DATA1001 assignment – data dictionary
This data set contains 64,486 anonymised student grades for 14 first year Maths units of study from 2012 to 2017. The data provided is real data from the University’s student system and has been provided by Institutional Analytics and Planning, the department of the University responsible for student data reporting and analysis.
There are two data sets, one a ‘standard’ and an ‘advanced’ set. The fields in each set are mostly the same. Below is a list of definitions for each of the fields:
Standard data set:
· Year: The academic year in which the unit of study was run. This is an integer between 2012 and 2017. Both semesters 1 and 2 have been combined together.
· Domestic/Intl: Whether the student is a domestic or an international student. “D” denotes a domestic student and “I” denotes an international student.
· Gender: The gender of the student. “M” denotes male students and “F” denotes female students. To preserve anonymity, students who identify as neither male nor female have been coded as female. This is the same approach that is used by the Department of Education when reporting aggregated student statistics: see the notes on ‘Gender’ at http://highereducationstatistics.education.gov.au/DataNotes.aspx
· Mode: Whether the student is full time or part time. Full time is defined as taking 18 or more credit points in the semester in which the student took the unit of study.
· Age: The age of the student at the time that they undertook the unit of study.

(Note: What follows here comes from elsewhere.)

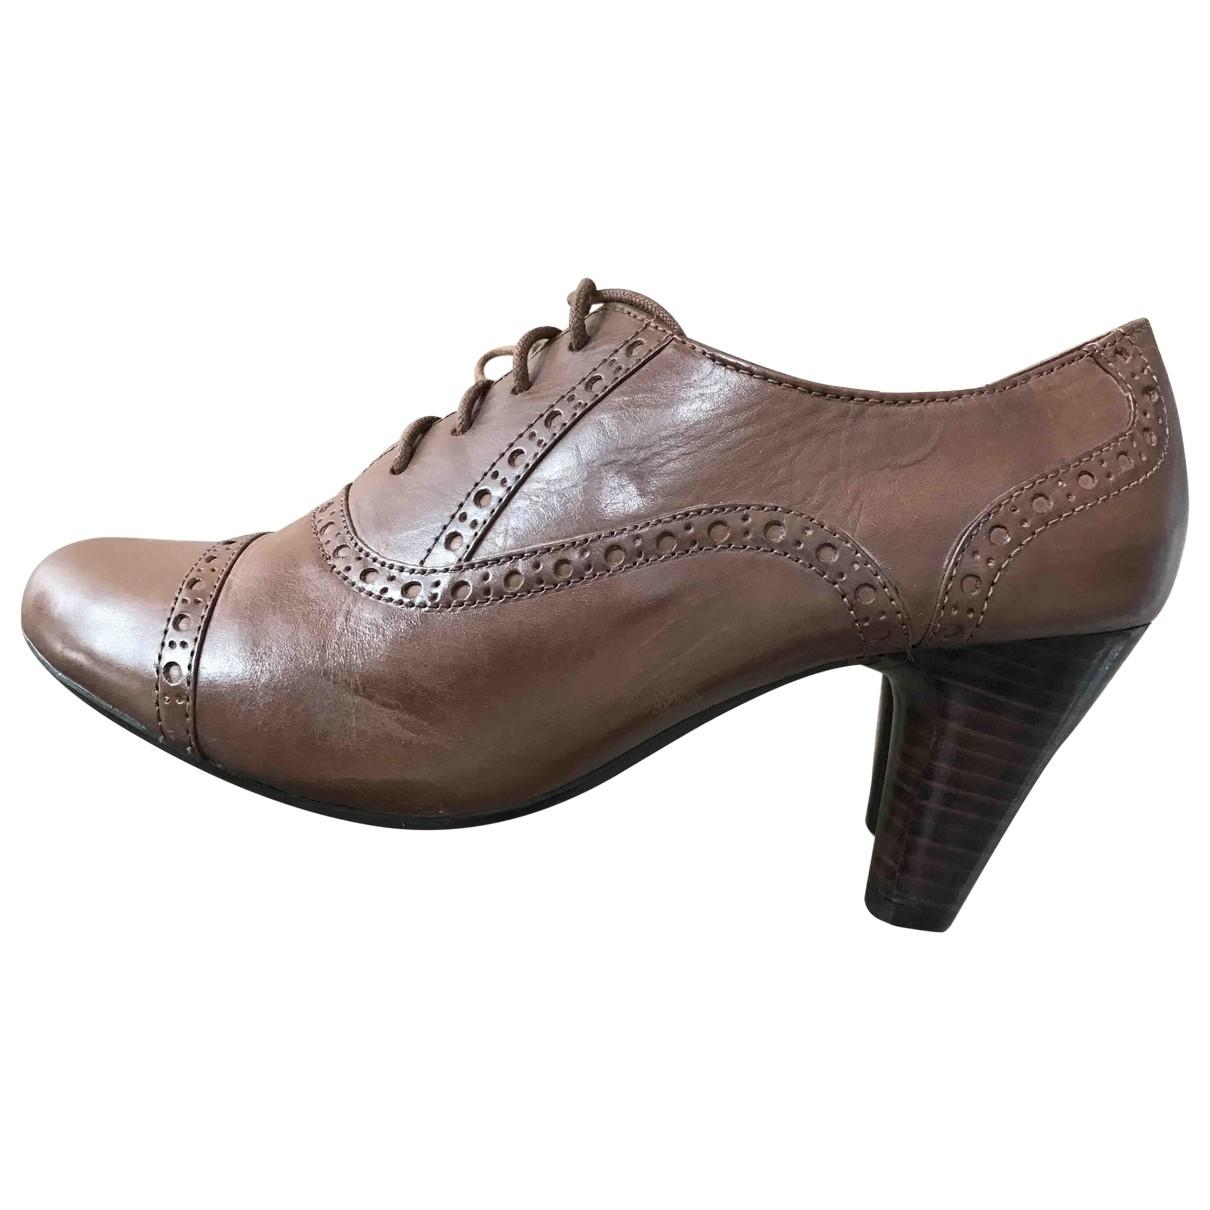 Clarks - Escarpins   pour femme en cuir - marron

This is reported as one of four bands:
· 18 and under
· 19-21
· 22-25
· Over 25
· Unit of Study: The “name” of the unit of study. To preserve anonymity, this is not the actual unit of study code for the unit but rather a made-up identifier such as “Unit A”, “Unit B” and so forth. You can assume that each of these identifiers relate to a junior unit of study offered by the School of Mathematics and Statistics between 2012 and 2017.
· Unit of Study Level: The level of the unit of study – either fundamental, mainstream or advanced.
· Unit of Study Grade: The final grade achieved by the student in the unit of study:
· FA: Fail (0-49)
· PS: Pass (50-64)
· CR: Credit (65-74)
· DI: Distinction (75-84)
· HD: High Distinction (85-100)
Grades other than these five descriptors (for example, discontinuations, withdrawals, absent fails and the like) have been removed from the dataset to preserve anonymity.
· Count: The number of grades with the preceding attributes.
Advanced data set:
· The advanced dataset is the same as the standard data set except the “Count” column has been replaced by a “Student Identifier” column, which is a hashed representation of the student’s ID number. In this dataset, each row denotes a unit of study grade.
· The purpose of this column is to facilitate the discovery of deeper correlations between students as the performance of a student in one unit of study given their performance in another unit of study can be determined.